Niños y viajes: todo lo que debes considerar

Además de los pasajes y otros documentos necesarios, las reservas de alojamiento y todo lo que hay que echar a las maletas, para unas buenas vacaciones con niños hay que contemplar varios aspectos más, como la edad que tienen, el destino y los tipos de viajes.

La Dra. Paula Guzmán, jefa de pediatría de Clínica Universidad de los Andes, explica que es fundamental averiguar sobre las vacunas necesarias. “El niño tiene que estar con todas sus vacunas al día y cerciorarse si necesita alguna especial según el destino. Por ejemplo, un recién nacido podría contagiarse fácilmente con enfermedades de otros países, por eso, no se aconseja viajar con menores de tres meses si no es estrictamente necesario”.

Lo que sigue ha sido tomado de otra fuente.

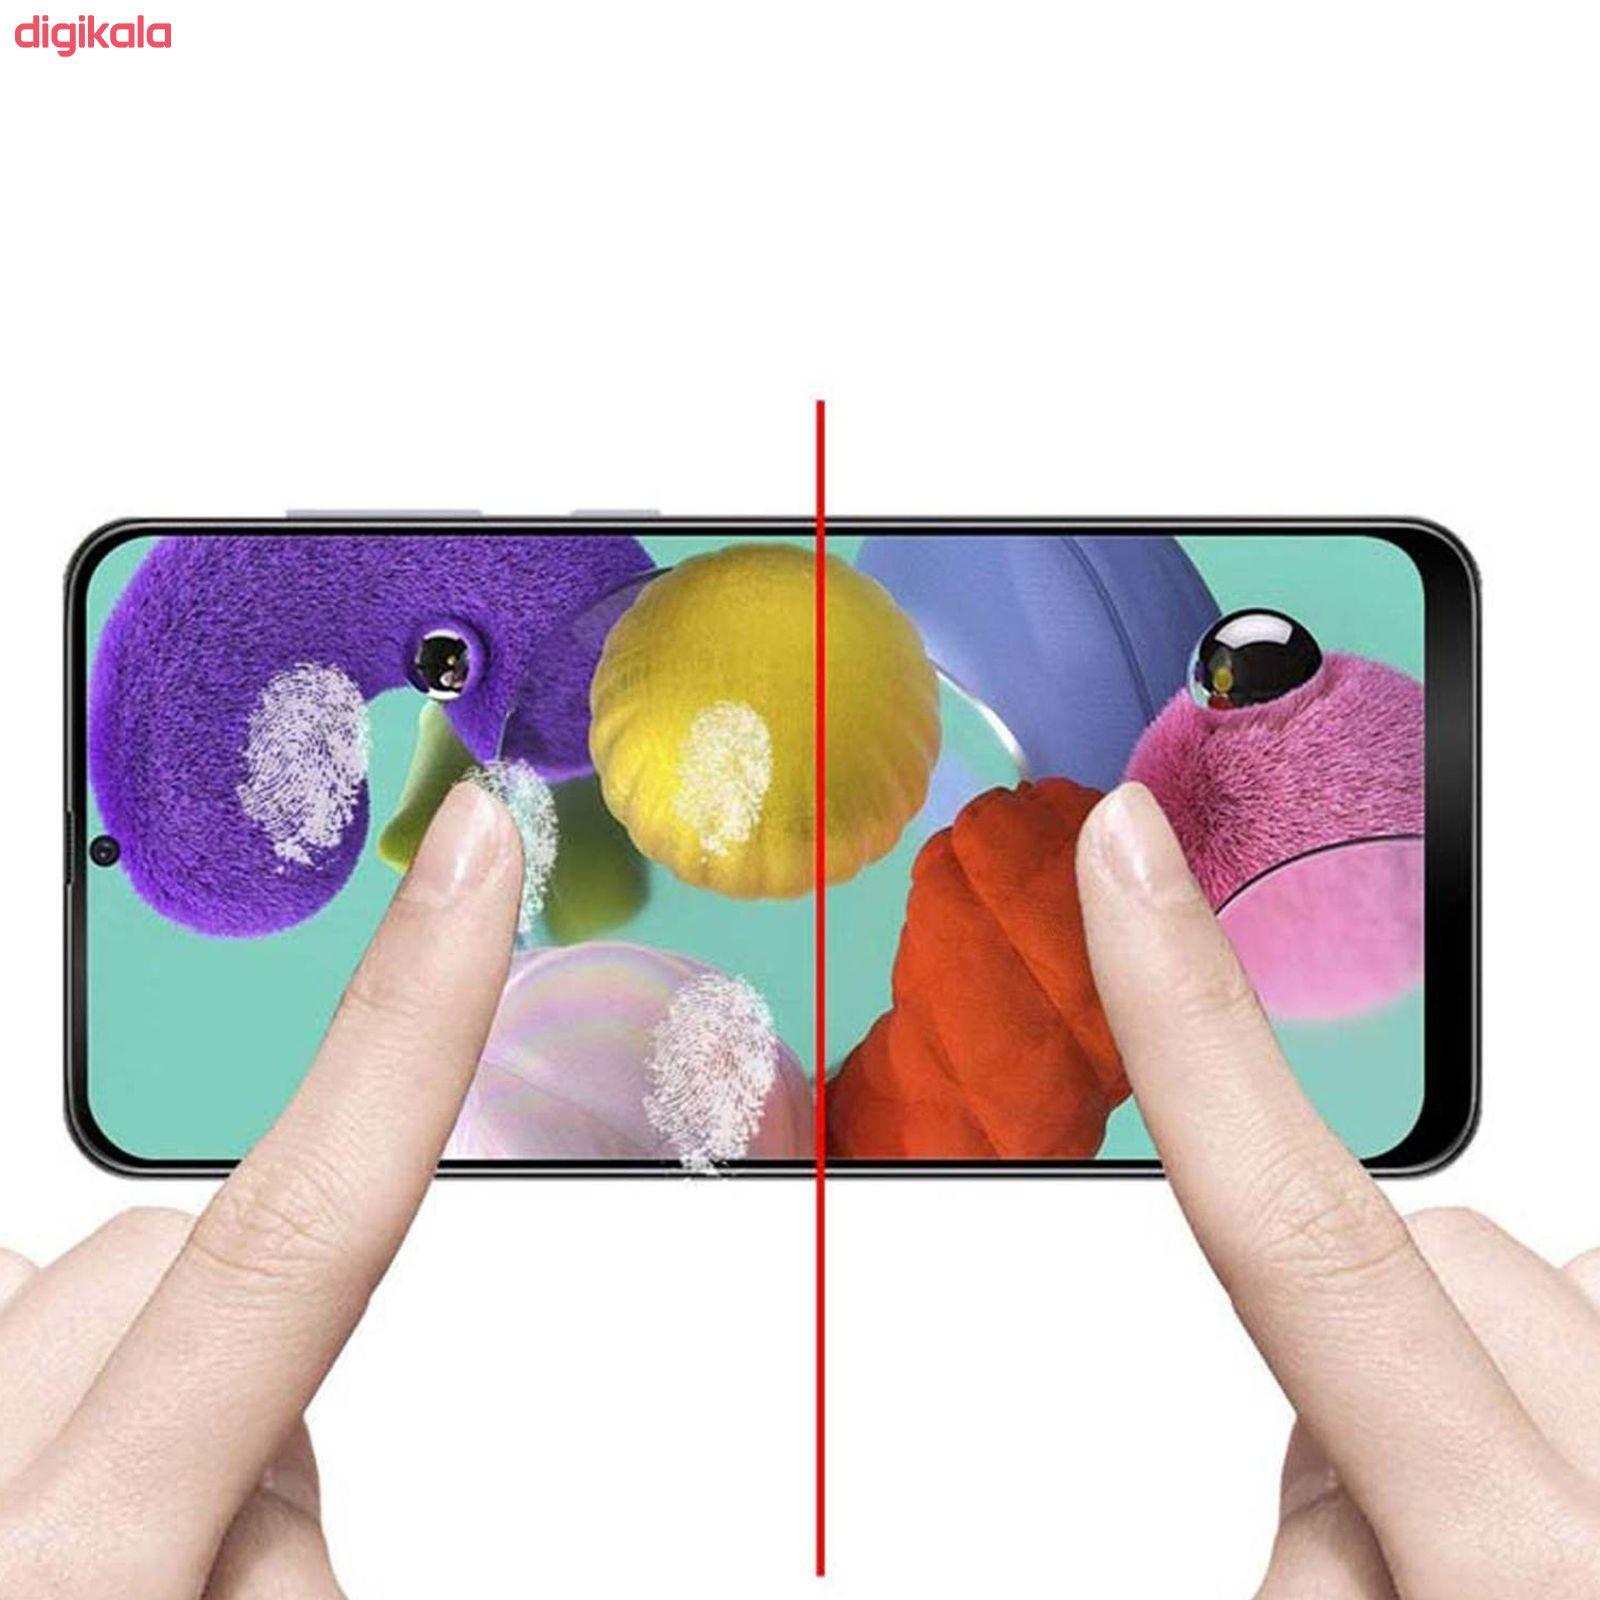 محافظ صفحه نمایش مدل e63 مناسب برای گوشی موبایل سامسونگ Galaxy A50/A30s/A50s  main 1 3

Además, en muchas partes, sobre todo en el Caribe, hay mala higiene o no tienen agua potable y es importante considerarlo por la preparación de la leche y las comidas. Es recomendable usar agua hervida o embotellada y comer alimentos cocidos, sobre todo si se viaja con niños chicos.

También sugiere llevar un botiquín básico y los remedios que se consumen habitualmente.

Precauciones en los traslados

Con el destino definido y, antes de comprar los pasajes o determinar la hora de partida, una buena opción para evitar complicaciones durante el trayecto, es hacerlo de noche, para que los niños duerman la mayor parte del tiempo.

En cuanto al transporte, una de las complicaciones más habituales en menores son los mareos, que pueden evitarse con ciertas medidas. Pero, si estas no son suficientes, hay que consultar al pediatra.

Los mareos son más frecuentes entre los tres y doce años de edad, y al viajar en auto, sobre todo, al mirar algo fijo como una pantalla o libro, igual que al moverse mucho. “Lo ideal es que no pinten, lean ni vean un celular o pantalla, excepto las que van detrás del asiento delantero. Es mejor que siempre miren para adelante y no para el lado”, aclara la Dra. Guzmán.

También se dan bastante en barcos. Para esto la especialista recomienda prevenir comiendo liviano al principio para ver cómo se va a reaccionar. Si el niño se marea, debe quedarse lo más tranquilo posible.

En tanto, en avión es poco frecuente, pero si hay antecedentes, es bueno comer liviano y no tomar líquidos con gas. En cambio, sí es común que tengan dolor de oídos. Para que los niños más chicos no lo sufran, durante el despegue y aterrizaje pueden estar succionando un chupete, mamadera o bombilla. Los más grandes pueden comer algo o bostezar.

Para que todos estén más tranquilos durante un vuelo, hay que llevarles sus juguetes, cosas para que se entretengan, lápices, libros para pintar, etc. Además, darle la posibilidad de caminar en el avión. Hasta los dos años, es mejor llevarles comida (colados y leche). Después, que coman lo del avión, pero cocido, no crudo, y liviano, además de tomar jugo o agua en lugar de bebidas gaseosas.

Para los viajes en auto, las paradas son muy importantes. Éstas deben hacerse máximo cada cuatro horas, y hay que bajarse, aprovechar de ir al baño, caminar, cambiar el pañal, darle algo de comer, que juegue.